No quisiera que todo lo que te estoy diciendo, hijo mío, pasara como una tormenta de verano: cuatro goterones, luego el sol y, al rato, la sequedad otra vez. No, esta agua tiene que entrar en tu alma, formar poso, eficacia divina. Y eso sólo lo conseguirás si no me dejas a mí, que soy tu Padre, hacer la oración solo. Este rato de charla que hacemos juntos, pegadicos al Sagrario, producirá en ti una huella fecunda si, mientras yo hablo, tú hablas también en tu interior. Mientras yo trato de desarrollar un pensamiento común que a cada uno de vosotros haga bien, tú, paralelamente, vas sacando otros pensamientos más íntimos, personales. De una parte, te llenas de vergüenza, porque no has sabido ser hombre de Dios plenamente; y, por otra parte, te llenas de agradecimiento, porque a pesar de todo has sido elegido con vocación divina, y sabes que no te faltará nunca la gracia del cielo. Dios te ha concedido el don de la llamada, escogiéndote desde la eternidad, y ha hecho resonar en tus oídos aquellas palabras que a mí me saben a miel y a panal: «Redemi te, et vocavi te nomine tuo: meus es tu!»10. Eres suyo, del Señor. Si te ha hecho esa gracia, te concederá también toda la ayuda que necesites para ser fiel como hijo suyo en el Opus Dei.

Con esta lealtad que tienes, hijo mío, procurarás mejorar cada día, y serás un modelo viviente del hombre del Opus Dei. Así lo deseo, así lo creo, así lo espero. Tú, después que has oído hablar al Padre de este espíritu nuestro de almas contemplativas, vas a esforzarte por serlo de verdad. Pídeselo ahora a Jesús: ¡Señor, mete estas verdades en la vida mía, no sólo en la cabeza, sino en la realidad de mi modo de ser! Si lo haces así, hijo, te aseguro que te ahorrarás muchas penas y disgustos.
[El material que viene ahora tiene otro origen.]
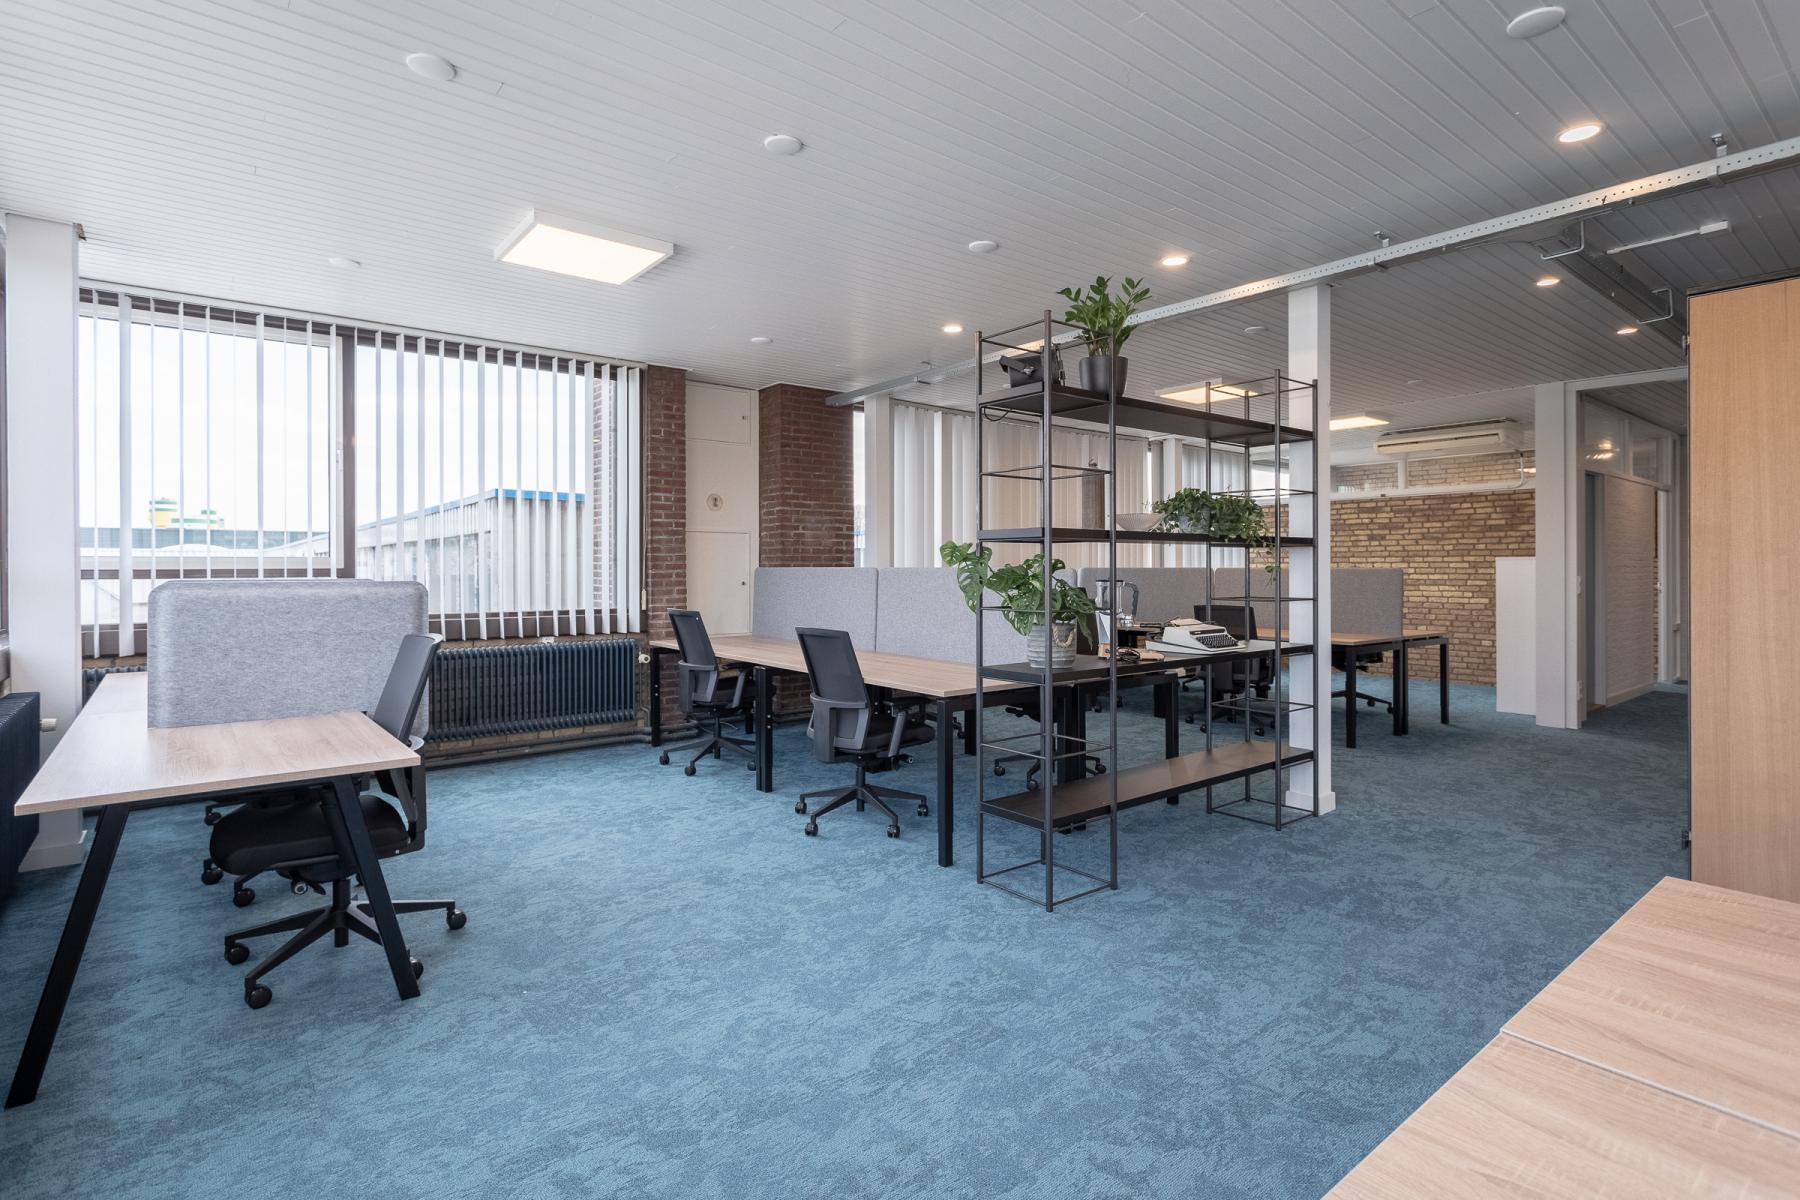 werkplekken flexplekken kantoorruimte kantoorpand Utrecht netjes gerenoveerd oud fabriekspand

4e ¡Cuántas tonterías, cuántas contrariedades desaparecen inmediatamente, si nos acercamos a Dios en la oración! Ir a hablar con Jesús, que nos pregunta: ¿qué te pasa? Me pasa…, y enseguida, luz. Nos damos cuenta muchas veces de que las dificultades nos las creamos nosotros mismos. Tú, que te crees de un valor excepcional, con unas cualidades extraordinarias, y cuando los demás no lo reconocen así te sientes humillado, ofendido… Acude enseguida a la oración: ¡Señor!… Y rectifica; nunca es tarde para rectificar, pero rectifica ahora mismo. Sabrás entonces lo que es ser feliz, aunque notes todavía en las alas el barro que se está secando, como un ave que ha caído por tierra. Con la mortificación y la penitencia, con el afán de fastidiarte para hacer más amable la vida a tus hermanos, caerá ese barro, y –perdona la comparación que se me viene ahora a la cabeza– serán tus alas como las de un ángel, limpias, brillantes, y ¡a subir!
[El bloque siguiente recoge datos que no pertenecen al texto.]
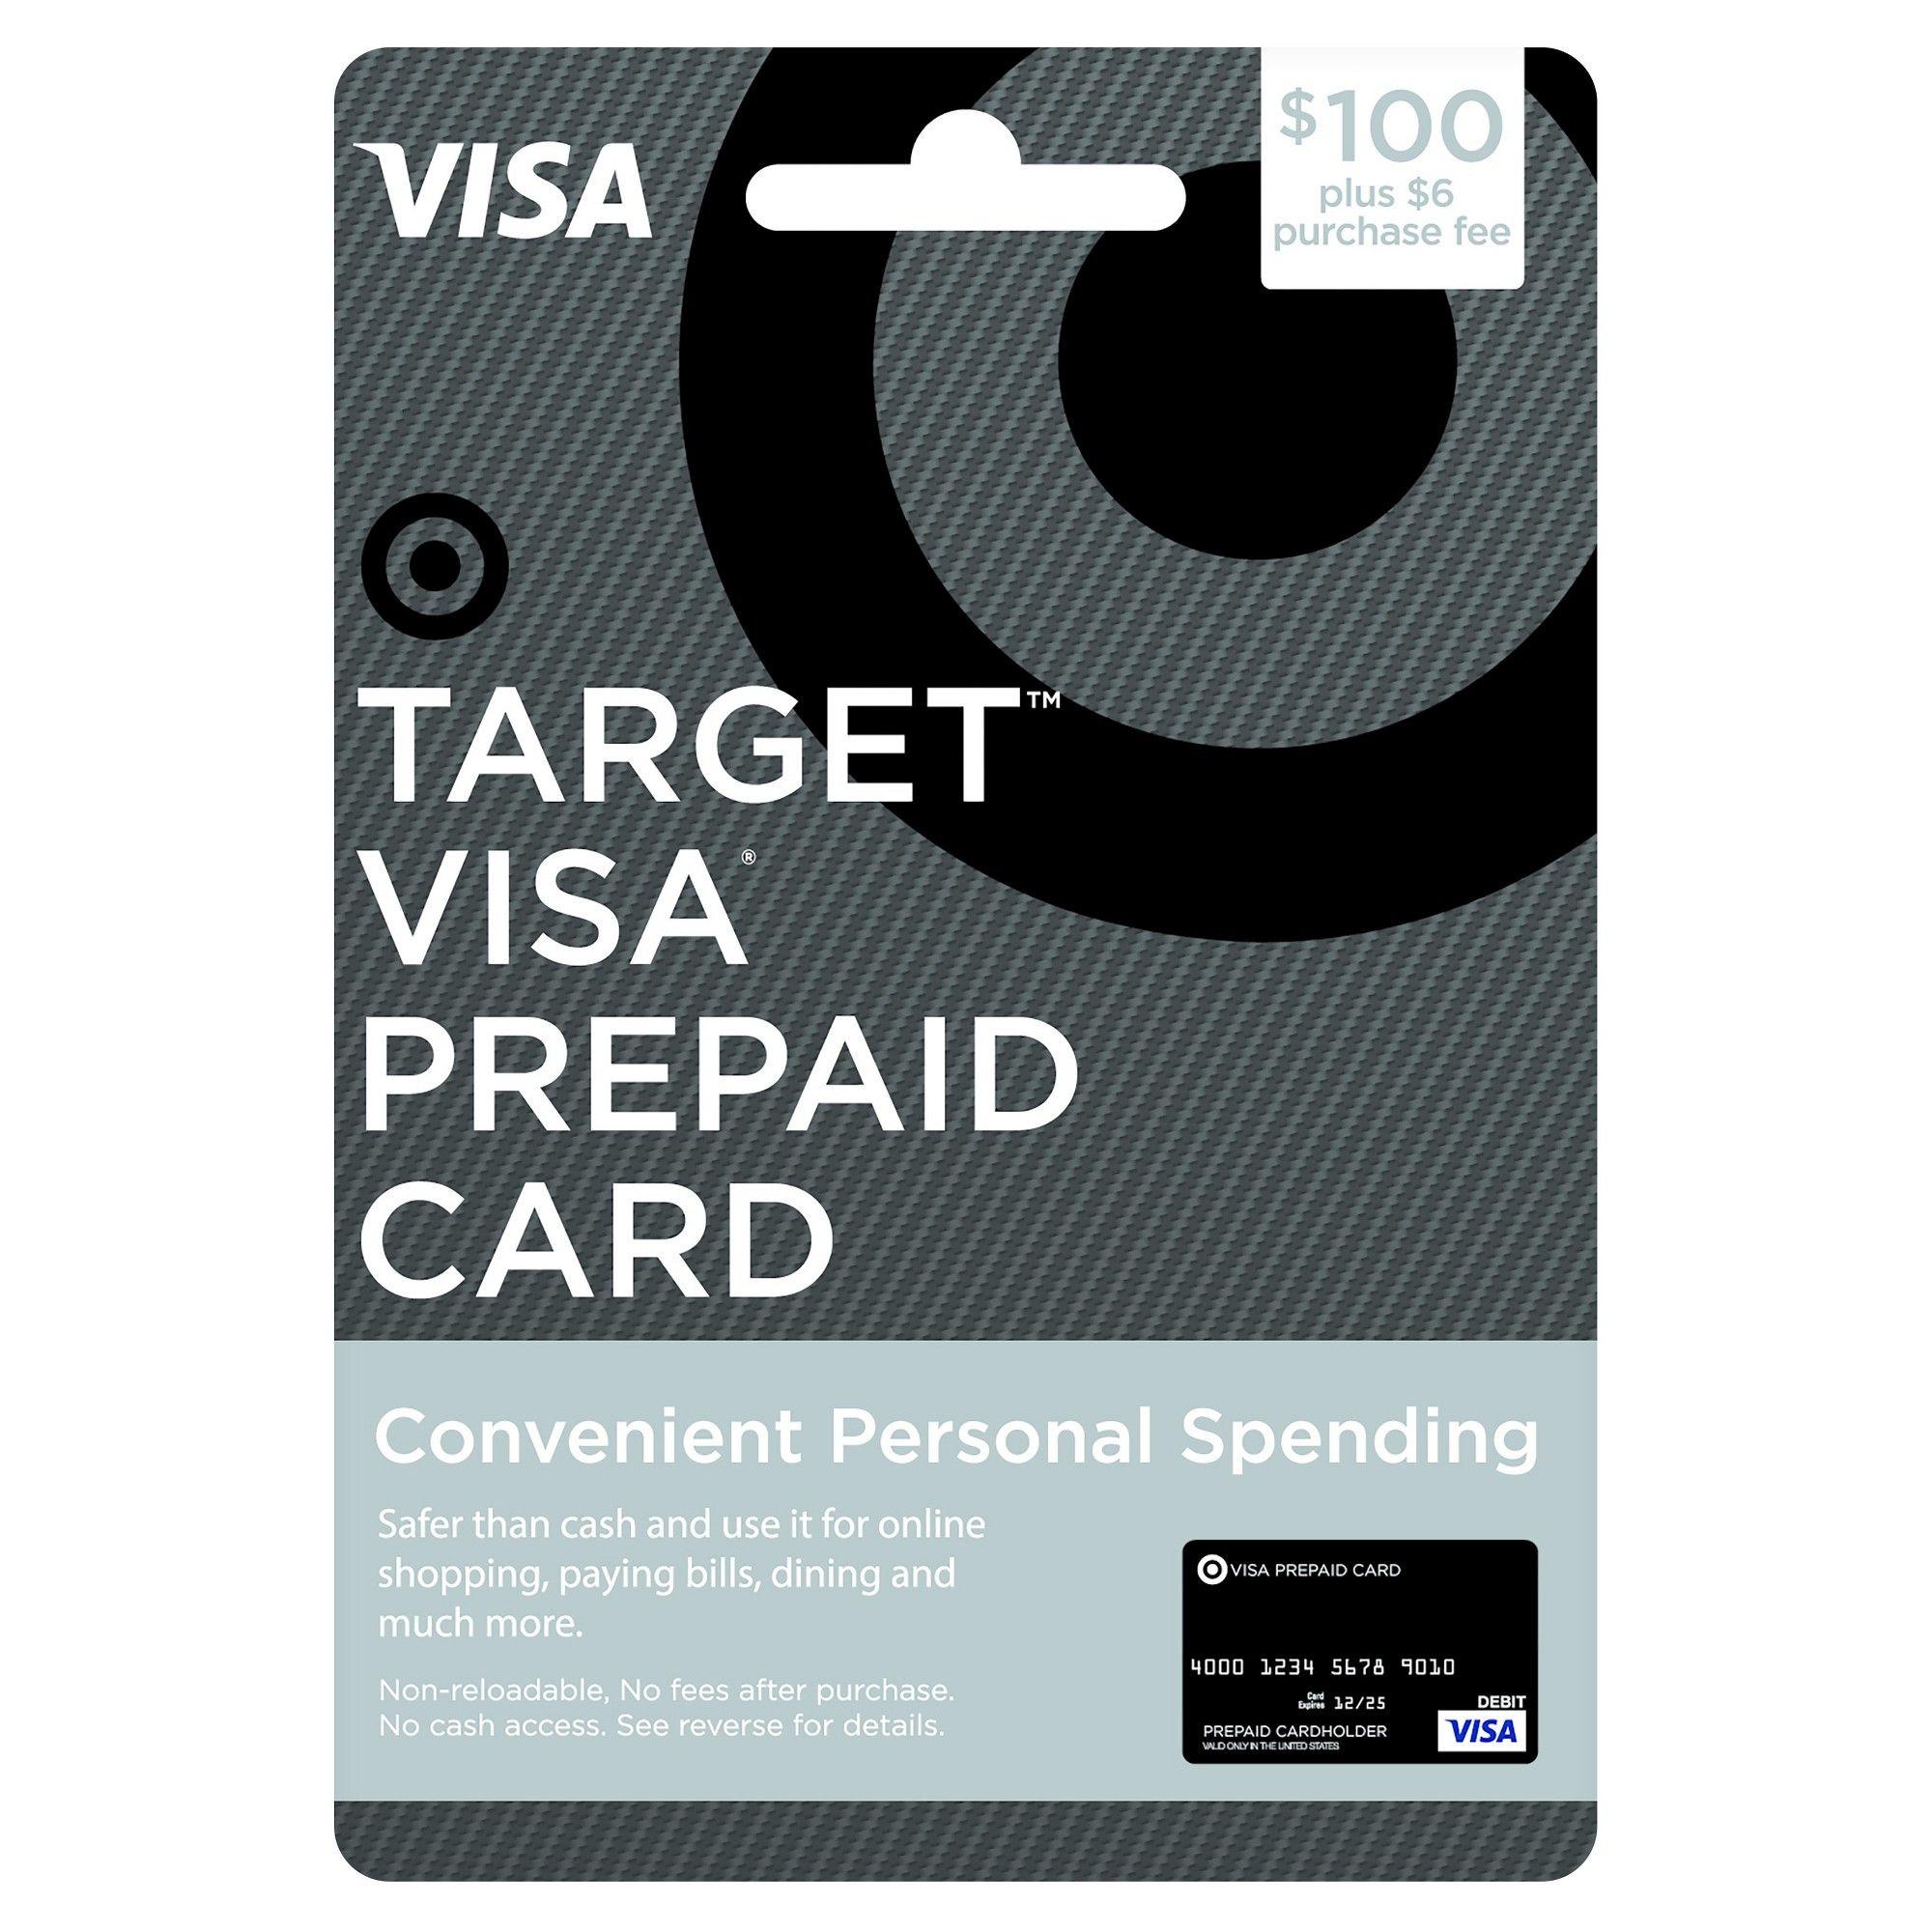 $100 Visa Prepaid Card - $100 + $6 Fee

¿Verdad, hijo mío, que vas haciendo tus propósitos concretos? ¿Verdad que en la charla fraterna y en la confesión, vividas con el sentido sobrenatural que se os enseña, irás viéndote como eres, cara a Dios, con humildad? En la dirección espiritual no dejes nunca de tratar de tu vida de oración, de cómo va la presencia de Dios, de cómo es tu espíritu contemplativo.

Hijos de mi alma, os estoy queriendo llevar por un camino de maravilla, por una vida de amor y de aventura sobrenatural, por la que el Señor me ha conducido a mí; una vida de felicidad, con sacrificio, con dolor, con abnegación, con entrega, con olvido de uno mismo.

«Si quis vult post me venire… Si alguien quiere venir en pos de mí, niéguese a sí mismo, tome su cruz cada día y sígame»11. Estas palabras las hemos oído todos: por eso estamos aquí. También hemos escuchado estas otras: «No me elegisteis vosotros a mí, sino que yo soy el que os he elegido a vosotros»12. La llamada divina tiene una finalidad muy concreta: meterte en todas las encrucijadas de la tierra, estando tú bien metido en Dios. Ser sal, ser levadura, ser luz del mundo. Sí, hijo mío: tú en Dios, para iluminar, para dar sabor, para acrecentar, para ser fermento.

Pero la luz será tinieblas, si tú no eres contemplativo, alma de oración continua; y la sal perderá su sabor, sólo servirá para ser pisada por la gente, si tú no estás metido en Dios. La levadura se pudrirá y perderá su virtud de fermentar toda la masa, si tú no eres alma verdaderamente contemplativa.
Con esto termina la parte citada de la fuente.